_About this exercise_. Could you print the listing again exactly, omitting the pictures?

_Supplied data_.
- - - - -

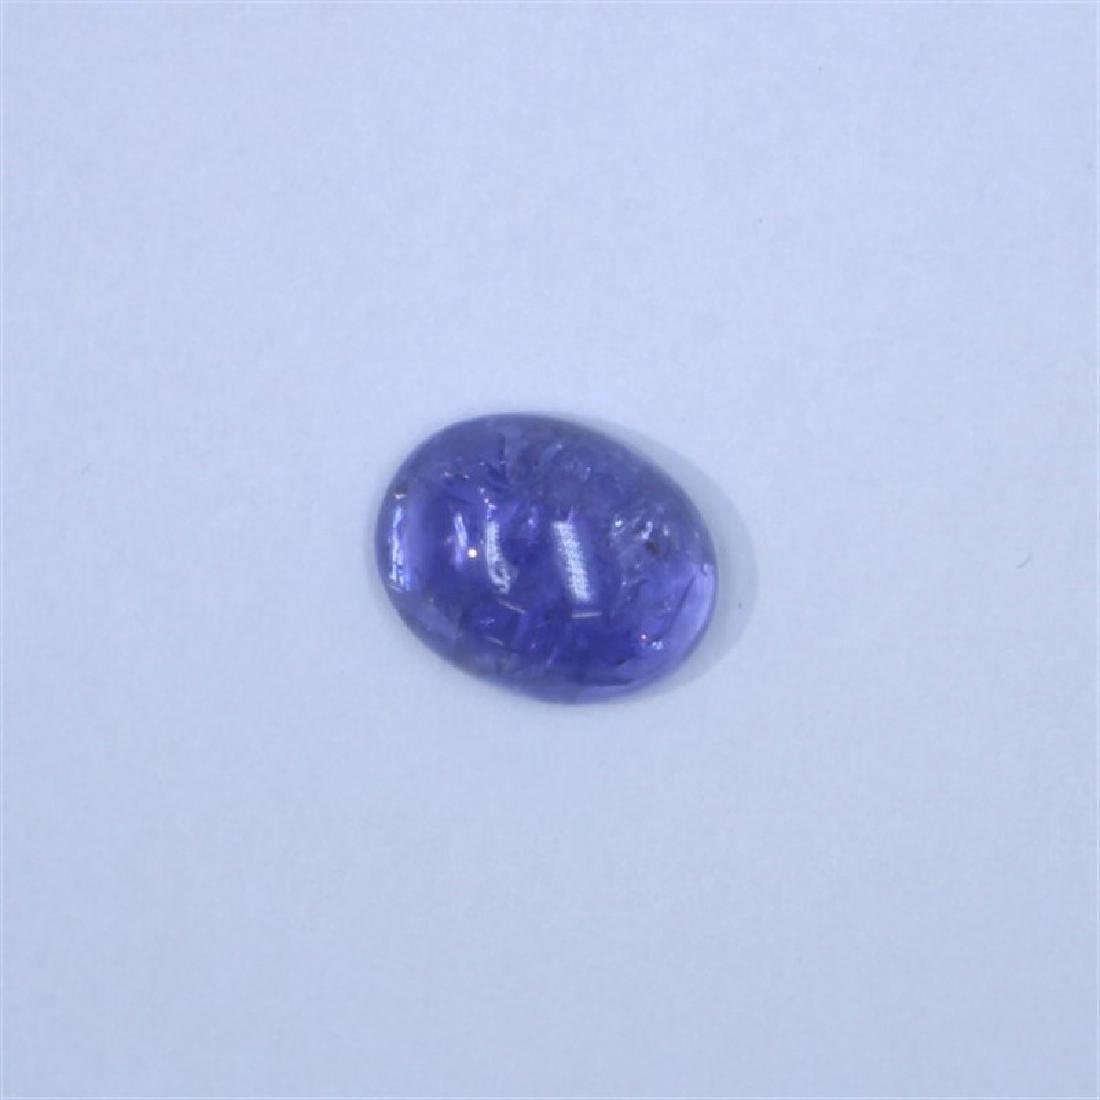 5.43ct Tanzanite cab oval cut
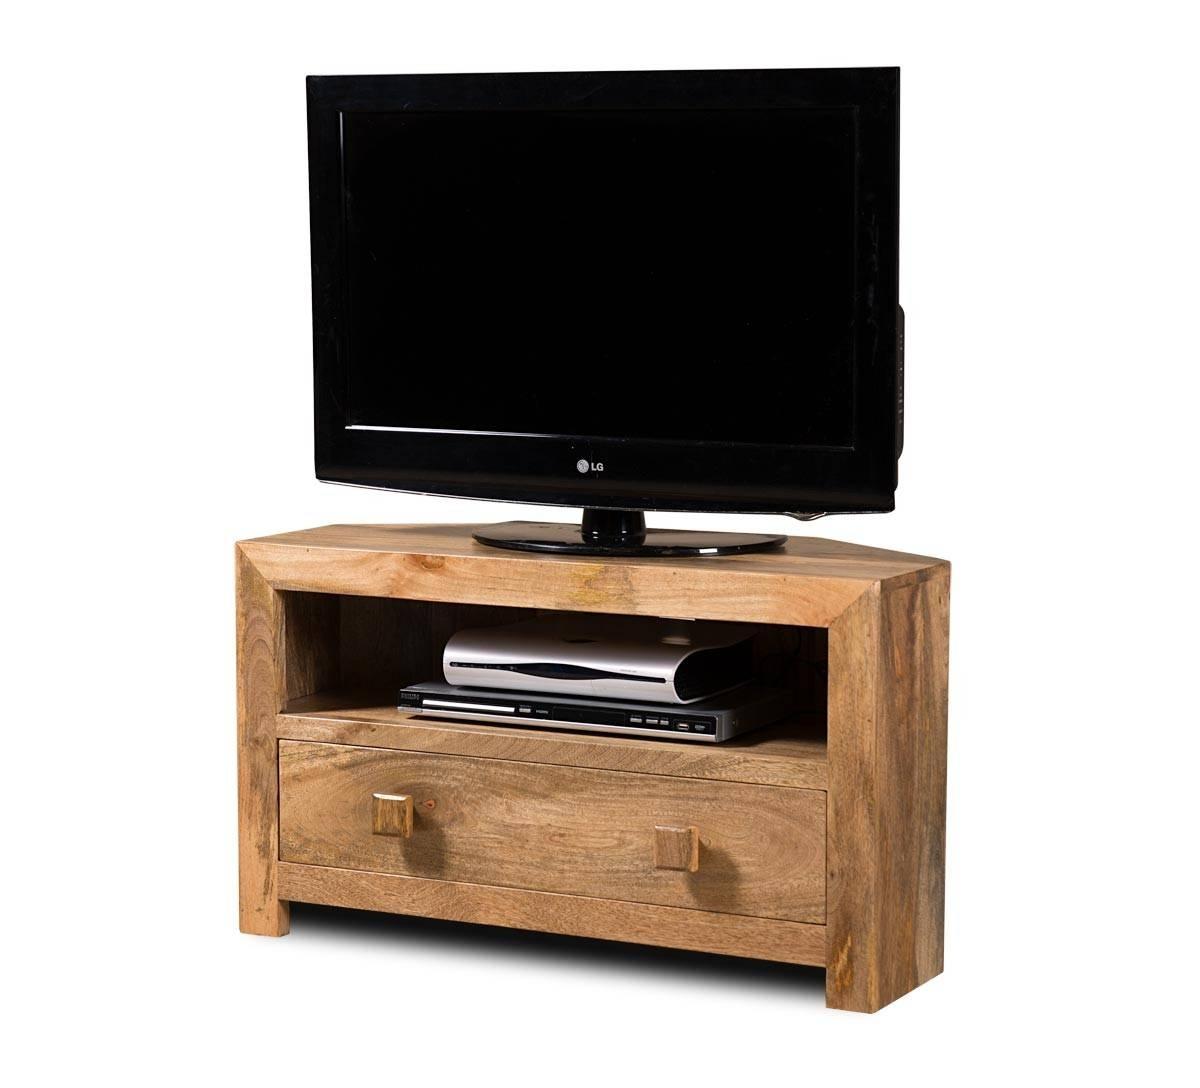 Dakota Light Mango Small Corner Tv Stand | Casa Bella Furniture Uk with regard to Large Corner Tv Stands (Image 3 of 15)
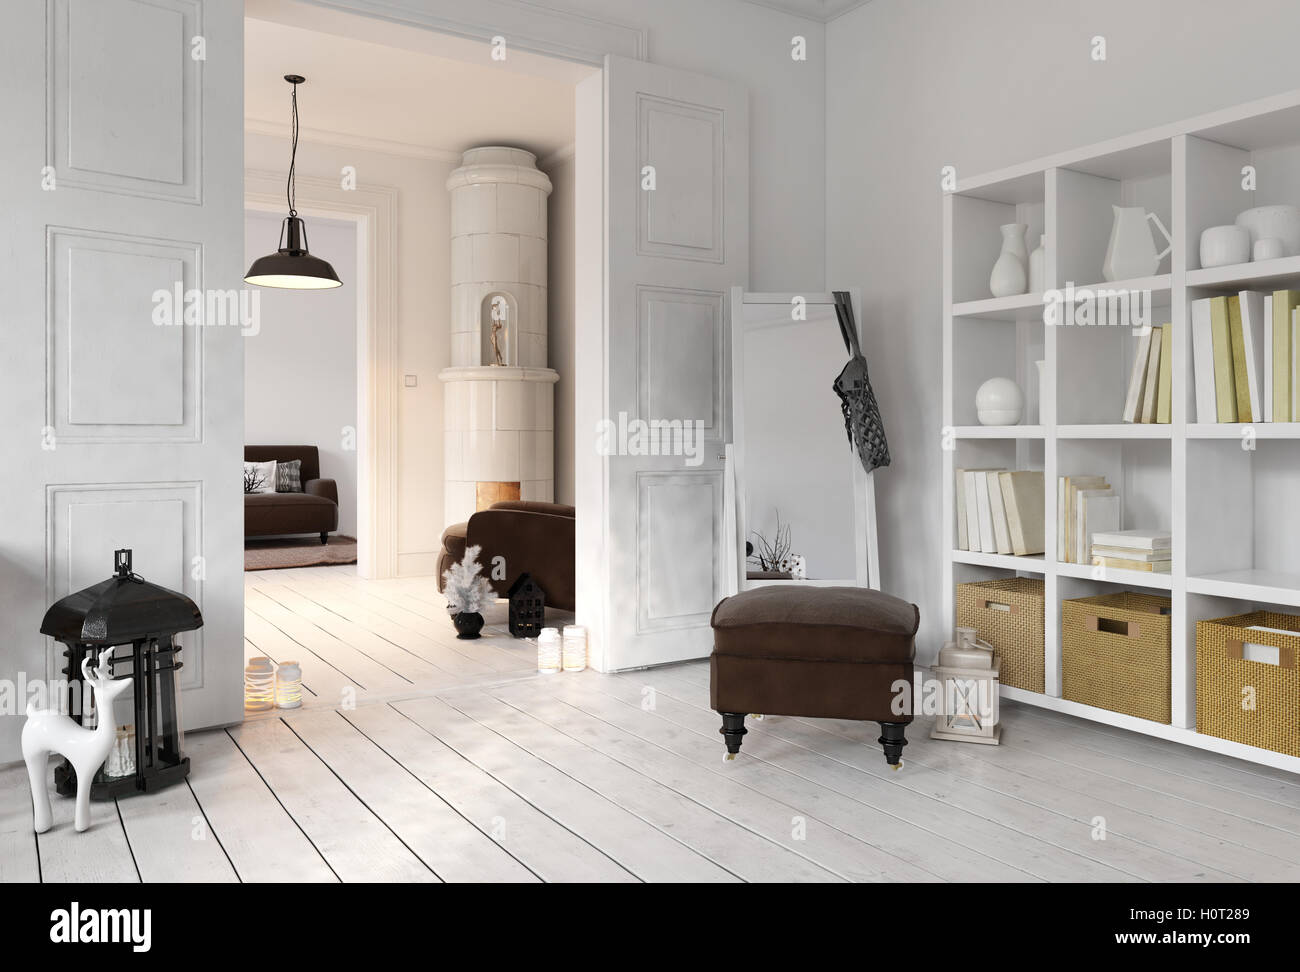 3d render of apartment living room with bookshelf floor mirror in stock photo 121001225 alamy. Black Bedroom Furniture Sets. Home Design Ideas
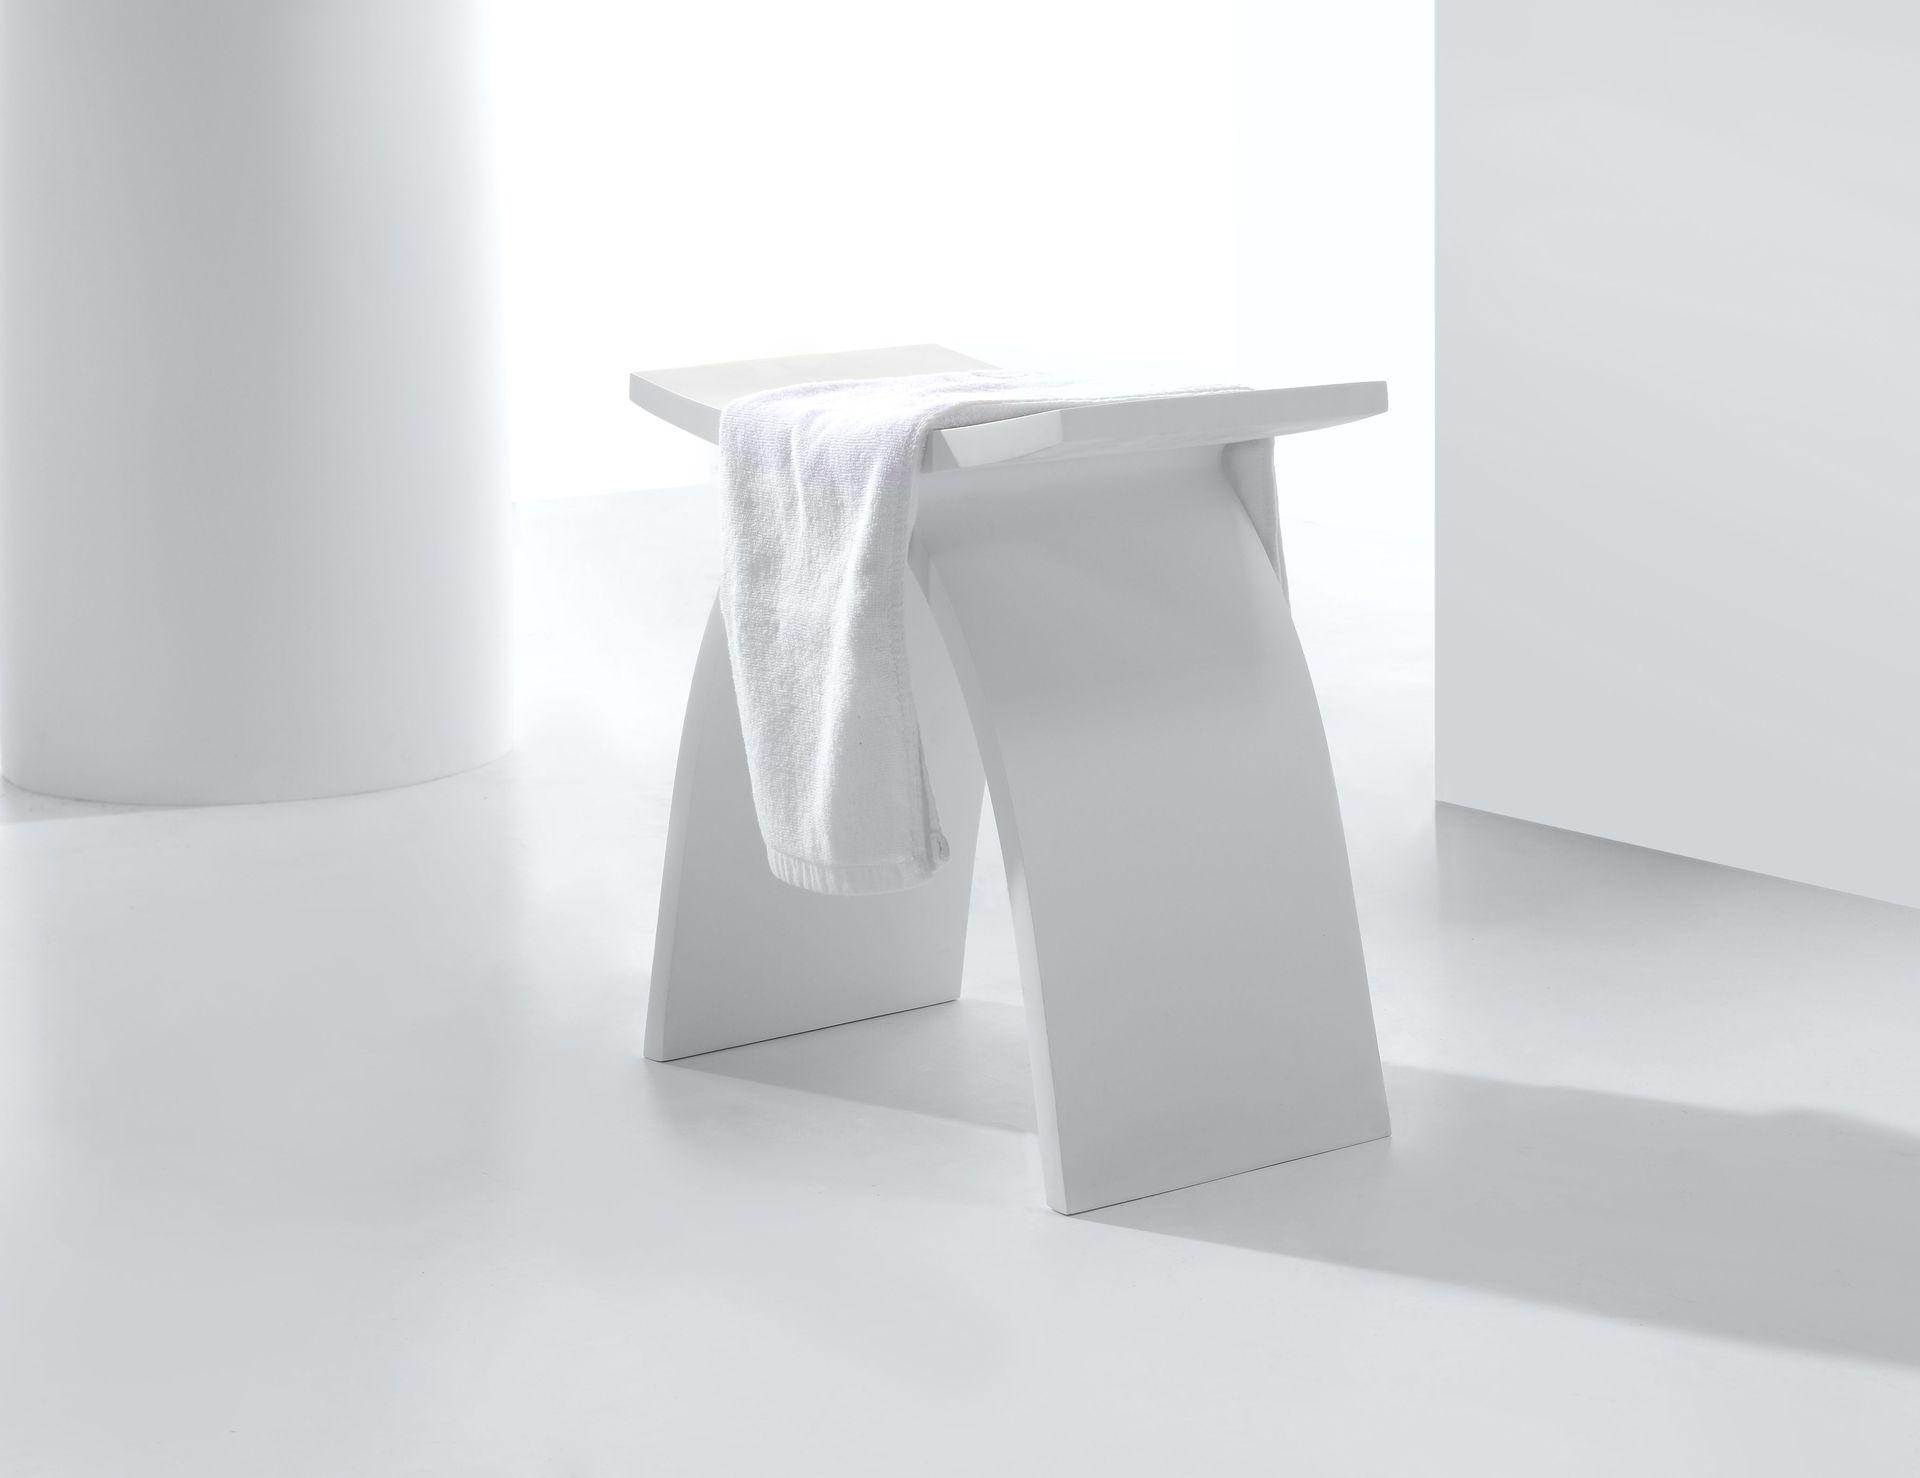 Solid Surface Hocker design in uw badkamer - Douchecabine.nl

- - - - -

_Solution for this problem_.
 5.43ct Tanzanite cab oval cut
 Dakota Light Mango Small Corner Tv Stand | Casa Bella Furniture Uk with regard to Large Corner Tv Stands (Image 3 of 15)
 3d render of apartment living room with bookshelf floor mirror in stock photo 121001225 alamy. Black Bedroom Furniture Sets. Home Design Ideas
 Solid Surface Hocker design in uw badkamer - Douchecabine.nl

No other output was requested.